The landlord shall not abuse the right of access or use it to harass the tenant. Except in cases of emergency, when the tenant has abandoned or surrendered the premises, or if it is impracticable to do so, the landlord shall give the tenant reasonable notice of his intent to enter and enter only during normal business hours. Twenty-four hours shall be presumed to be reasonable notice in absence of evidence to the contrary.

LANDLORD/TENANT LAW-DISCRIMINATION
Discrimination is simply the different treatment of individuals based n their membership in a class or based on something unique to them as individuals. Discrimination is not necessarily illegal. Some discrimination is perfectly legal. The basic rule to determine which is legal verses illegal is as follows:

Generally, illegal discrimination is when someone is treated differently simply due to his or her membership in a class based on a protected characteristic. For example, such characteristics includes race, national origin, color, age, gender, religion, family
status, disability etc. These are characteristics, which are either impossible or at least very difficult to control or change.

Now, legal discrimination is where a person is treated differently due to a behavioral characteristic such as credit record, past behavior as a tenant, wealth and job security etc. These are matters essentially within the control of the individual.

Of course, there are exceptions and unique variations within both groups but the rules remain basically applicable. One could argue that certain disabilities are caused by behavior (i.e. illness from smoking) or that certain protected characteristics are easily

changed (i.e. changing religion, family status etc.). This is one reason why discrimination law can be very complex.

Fair Housing Laws cover discrimination in renting. These laws are found in both Federal and State Laws. There are penalties for illegal discrimination in both legal systems (Federal and State). A landlord should not be able to evict a tenant based on an illegal discrimination.

Illegal discrimination is difficult to prove. You must first show some differential treatment for one person as opposed to another based only on the protected characteristic and not some other reason. Some landlords will invent excuses for the differential
treatment so as to try and get away with what was really an improper discrimination. For example, an eviction is filed by a new owner who is of a different race than that of an existing tenant. If questioned, the landlord may say he/she examined the rent payment history of the tenant and feels it is not good enough. What is the true motive? Is it based on the rent or the race?

Beginning on 1/1/2000, the fair housing laws here in California were amended to include protection against discrimination regarding tenants' income. A landlord is prohibited from discriminating against tenants based on their SOURCE OF INCOME (i.e. public assistance, child support etc.) Also, tenants applying for rental MUST BE TREATED AS A GROUP for determining income qualifications. Therefore, a tenant who earns
no money can still qualify as long as his/her co-tenants qualify as a group.

If you feel you are the victim of illegal discrimination you may contact the following for assistance: U.S. Dept of Housing and Urban Development (H.U.D.), for California - California Department of Fair Employment and Housing.
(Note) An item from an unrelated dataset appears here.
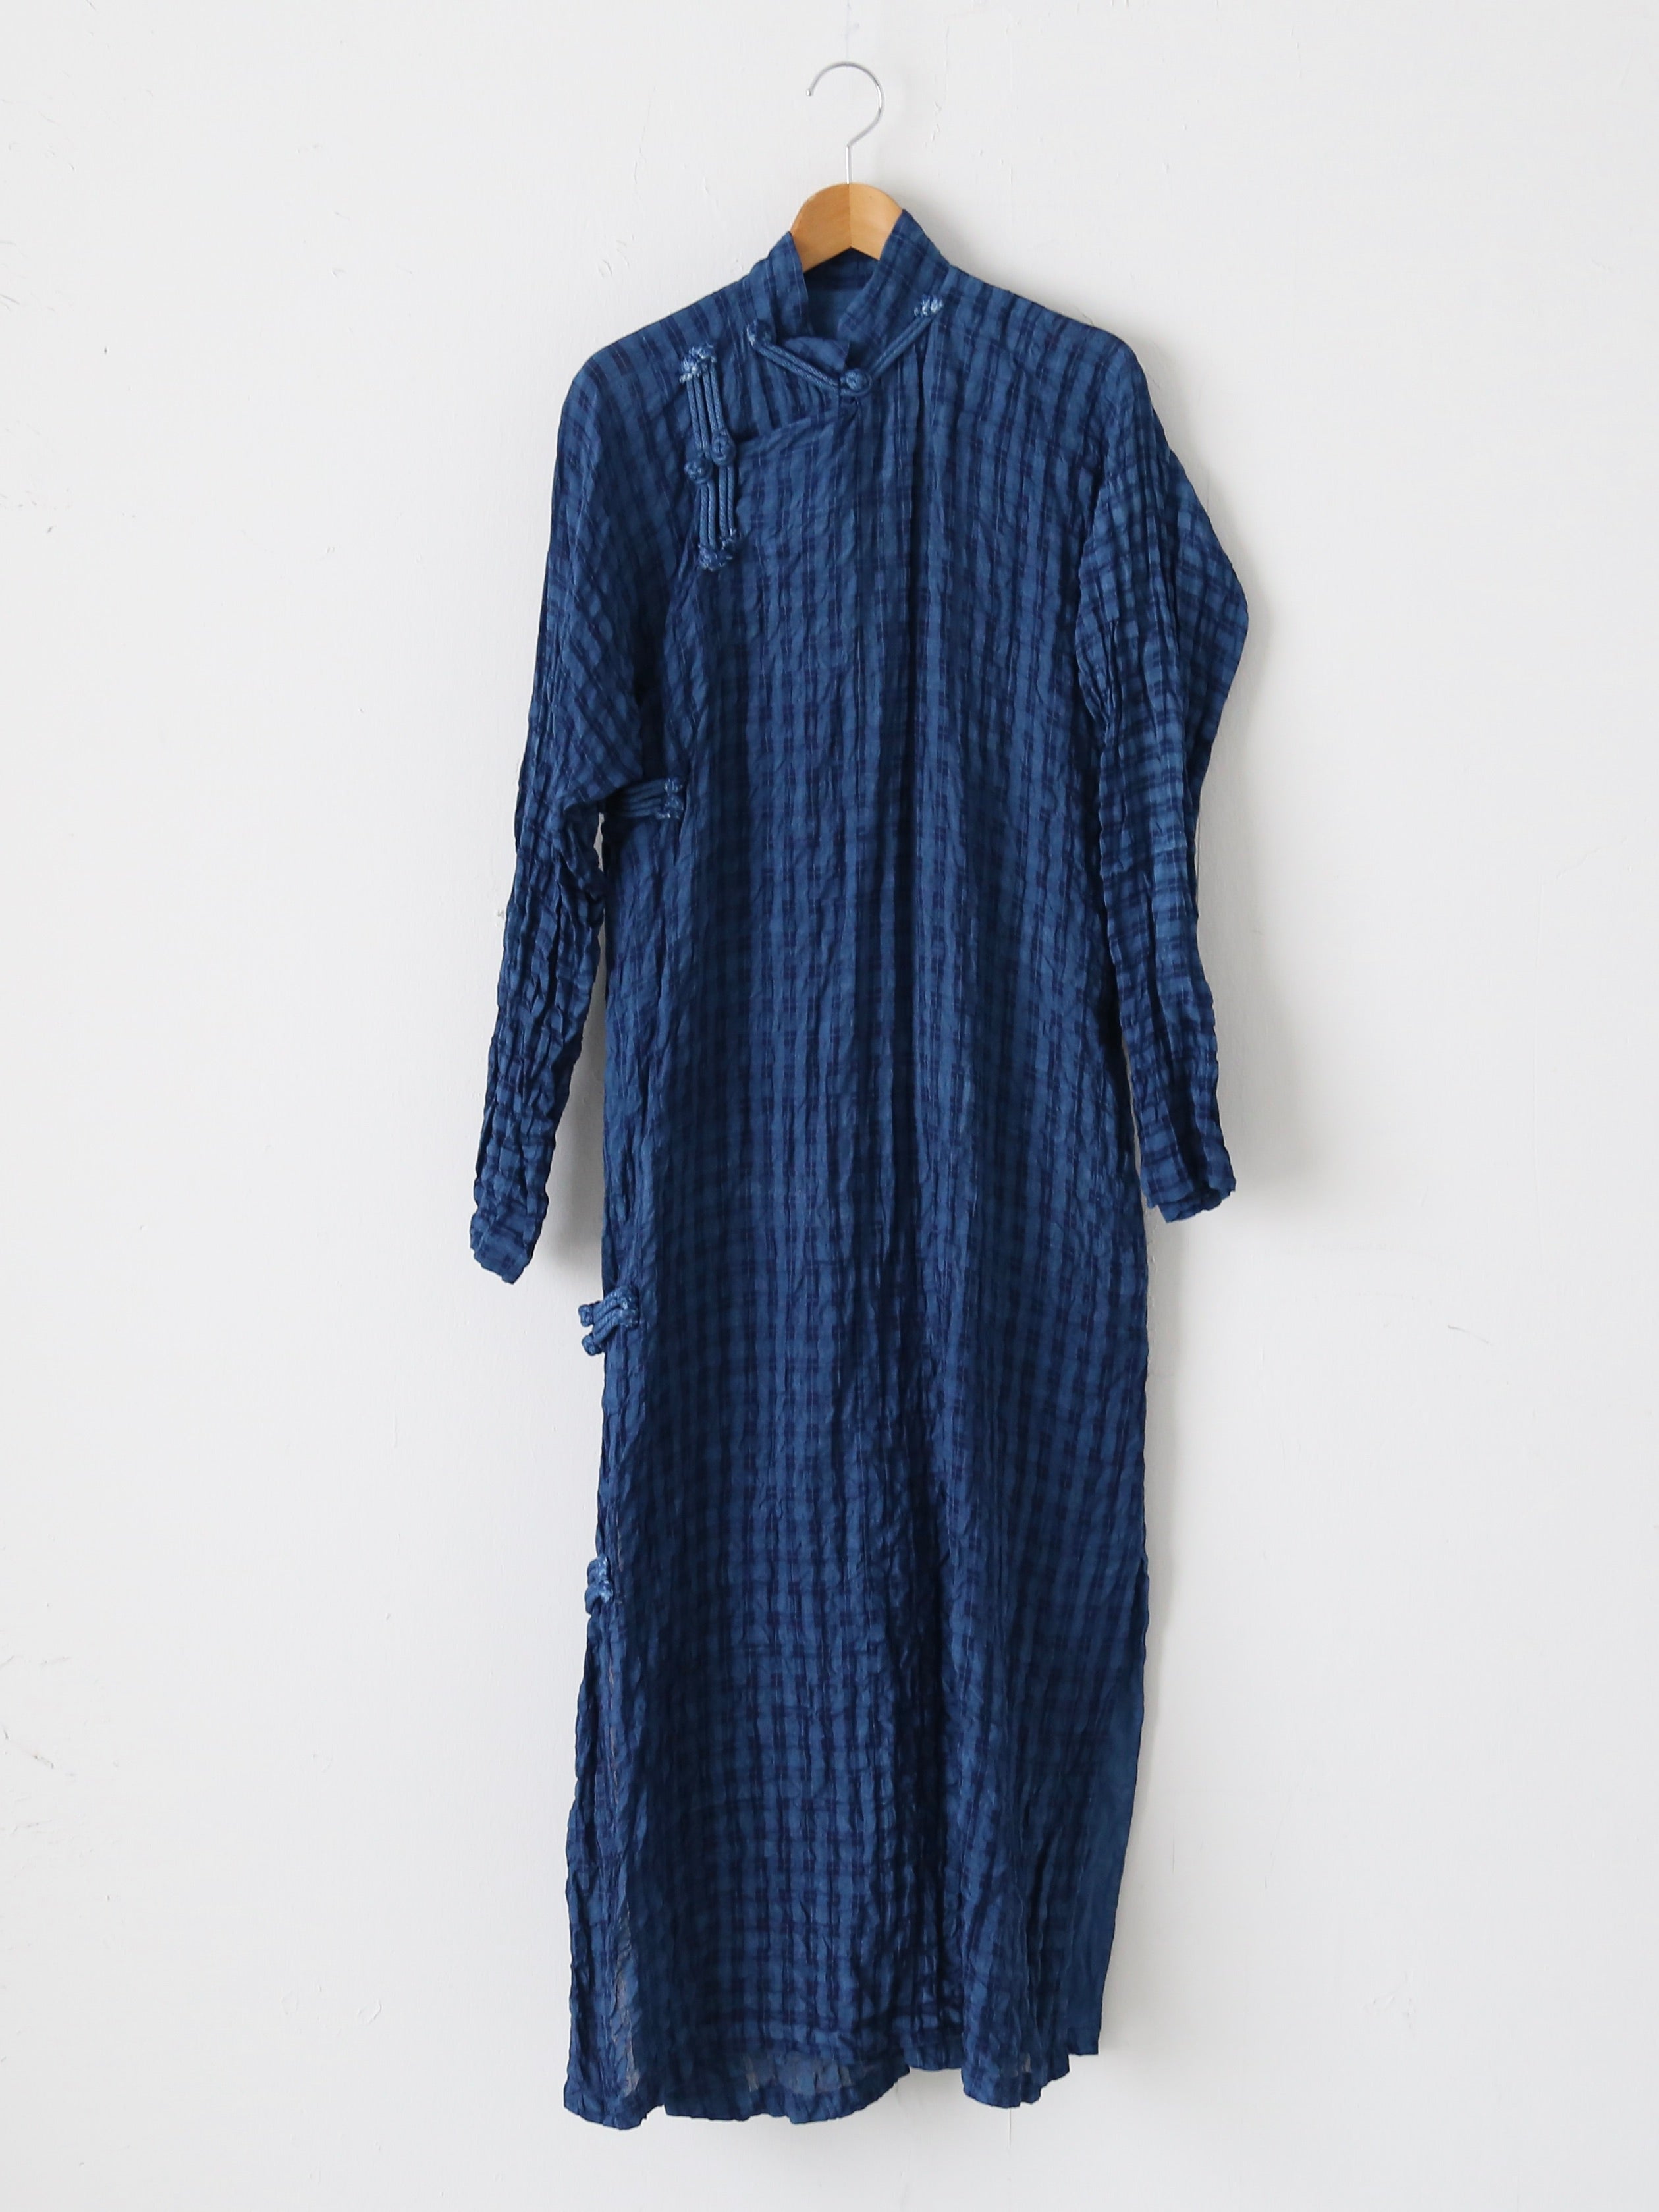 tao リネンキュプラチェック藍染ドレス [TM-O011-051]

LANDLORD/TENANT LAW-REPAIRS
In California, the law requires a Landlord, in a residential tenancy, to maintain the dwelling so as to keep it in a habitable condition. The Landlord is also generally responsible for other "non-habitability" item repairs. The tenant will be responsible for damages they caused by abuse or misuse of the property.

Habitable, or "Tenantable" means the dwelling is free from substantial defects that affect the health and safety. Cosmetic defects generally do not qualify as habitability items.

Some rental agreements attempt to make the tenant responsible for this maintenance. These provisions are generally not valid although under very limited circumstances, a tenant may accept a rental with certain defects in exchange for compensation.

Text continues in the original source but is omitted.